BSidesSF29:1324 viewsPublished 2026-05Watch on YouTube ↗
About this talk
Composing the Response: Building an Incident Pipeline from Scratch Geet Pradhan Most security teams improvise responses, leading to fatigue and slow containment. This talk shows how to build and scale a response pipeline from scratch — connecting detection alerts and response playbooks to actually respond to security alerts. https://bsidessf2026.sched.com/event/b7567c163ef567081134f345c3908974
Show transcript [en]

Uh it is my pleasure to introduce Git Pradan. He is a security engineer and he's going to be talking about composing the response building an incident pipeline from scratch. Please join me in welcoming Git. Thank you. Thank you Steph. So before I get started I want to give a big shout out to Bides all the volunteers all the staff and the sponsors. Thank you again for organizing this and it's it's a great conference as usual. So, I can't see anyone here. I was going to do one of these like show your hands, but can you yell if you have ever responded to an incident either internally externally? >> All right, it's a lot of you. So, you

guys are going to have fun here because I'm going to talk about all the good, the bad, the ugly, and the stupid things that I did. And now, if I had to build a incident response pipeline from scratch, what I would do. So just to be clear, this talk is for folks who are probably employee number one, employee number two, security employee number two, and who have no money in their company. Right? The meme that it says, shut up and take my appreciation, that is exactly what you have. So for the folks who work for companies who have a lot of money, this may be something which is a bit basic, but I'm sure you've gone through this

before. Now, a bit about me. I am the concerto conductor of the beautiful symphony of incident response. So I'm experienced in building internal and external incident response programs. I really like building from 0ero to one and I have spoken at bsides 2025 on the detection pipeline. So my previous talk last year was about how to build the detection pipeline again with no money and if you're employee number one. What I spoke about there was detection pipelines are all about identifying a highfidelity signal from all the noise. And today we're going to talk about the shield, not the Marvel shield, but the shield which converts all these signals into actionable, executable things to do to save yourself.

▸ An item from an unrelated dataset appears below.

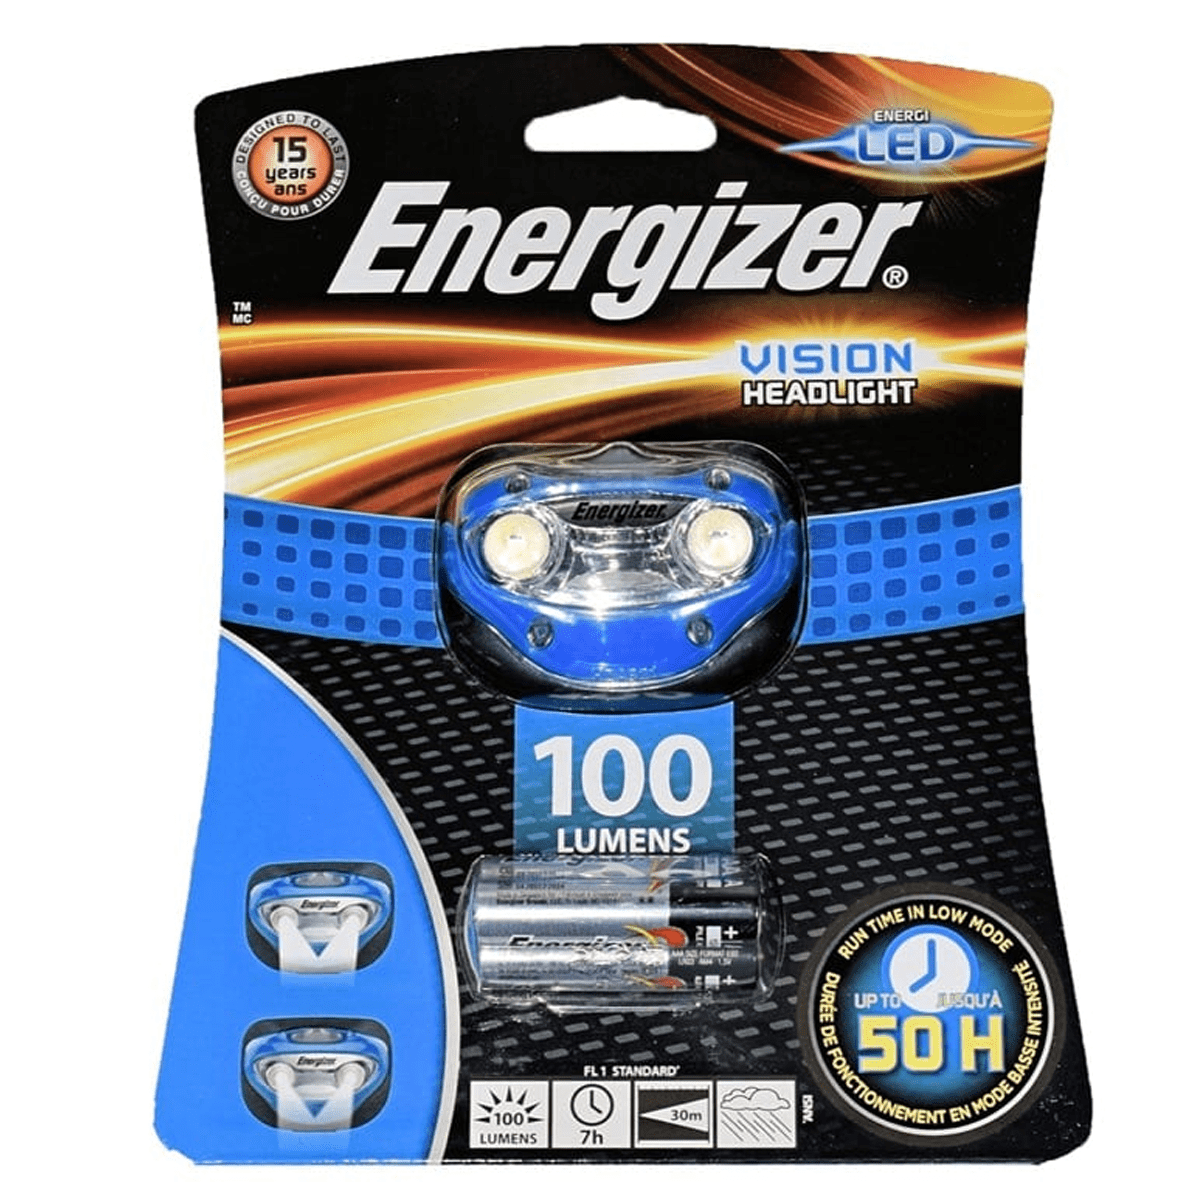 Energizer Vision LED Headlight (100lm)

So the program today firstly I'm going to talk about what really happens in a cyber incident. You know the craziness and the tax that is manual improvisation. Then I want to move on to my version of the five pillars of incident response emphasizing what you actually need to think of. I'm sure you've all seen some version of these five pillars. Then we'll touch a little bit on how to mature this pipeline and uh a little known concept in San Francisco called AI, you know, agents, automation, things like that, and how we can add that. Then lastly, let's let's take a look at the journey of an alert and how it would look in practice. So

picture this, right? You get an alert, maybe a weird login or something like that. What do you do first? You panic. That is what you have to do. Then you know you take a breath, you regain your spirits and start to analyze. You look at the account. Maybe you check something like if you have a workday or an octa for information about the user. Then you find the device. Then you look at the CMDB or whatever or a spreadsheet, you know, if you have it on what device is assigned to them and some more information about the device. Then maybe you look at the IP, try to get some info about the IP. Okay, cool.

Something's weird in this case. Now, now you try to contact the team who owns the app and ask them the who, what, why about whatever is happening. Okay. And should we be isolating? Maybe. Obviously, they're off for their afternoon coffee run. So, that takes a while. Then finally, maybe the rest of whoever is doing the instant response is based in SF while you're in London. Yikes. This is what happens. So the improvisation tax is exactly that. Every lookup adds crucial minutes, seconds, minutes, hours to the instant response. For all the people who wooed right now, you would probably attest to the fact that cyber incident response is all about time. The amount of time you

can save. You have to buy time so that your methodology and mentality can move from reacting to responding. Now the improvised decision-m, right? All these people who are on the afternoon coffee runs, they need you need them for decision-m. Now, if they're out on the coffee runs, it adds time because you have to get them back. And finally, time zones. Time zone restrictions are what most people need to solve for. And that is where it hits. So, attackers attackers automate. That is the way the world is going. And defenders, from my experience, we're we're getting there, right? This is why manual response is not really scalable. So, how do you fix that? We fix that

with my five pillars of instant response. Now, when you're starting out, one of the things that I've learned is there's a lot of talk about, you know, you have to get all your policies, your procedures, your SOPs, everything right. That is true. You have to do that at some point, but you have to get the basics right. And what are the basics? You need good high fidelity detection alerts. You need to find out ownership and who does what. You need to be able to talk and understand how to coordinate this. you need to execute and actually respond. And then the last one which a lot of people tend to miss out, you have to worry about things which concern the

company which is where the governance and compliance falls in. So let's talk about the first pillar. Now I'm not going to go deep into how to set up detection rules because I speak I've have a whole 30 minutes about that. But essentially you need to normalize the chaos. Normally at this stage there'll be lots and lots of ways that people will come to you for their incidents. Maybe you have a SIM, maybe you have Jira, or maybe your CEO sends you an email about something they saw online, right? That that is an intake. Maybe there's customer support. That is insane for one individual to manage. So, how do you how do you solve for that?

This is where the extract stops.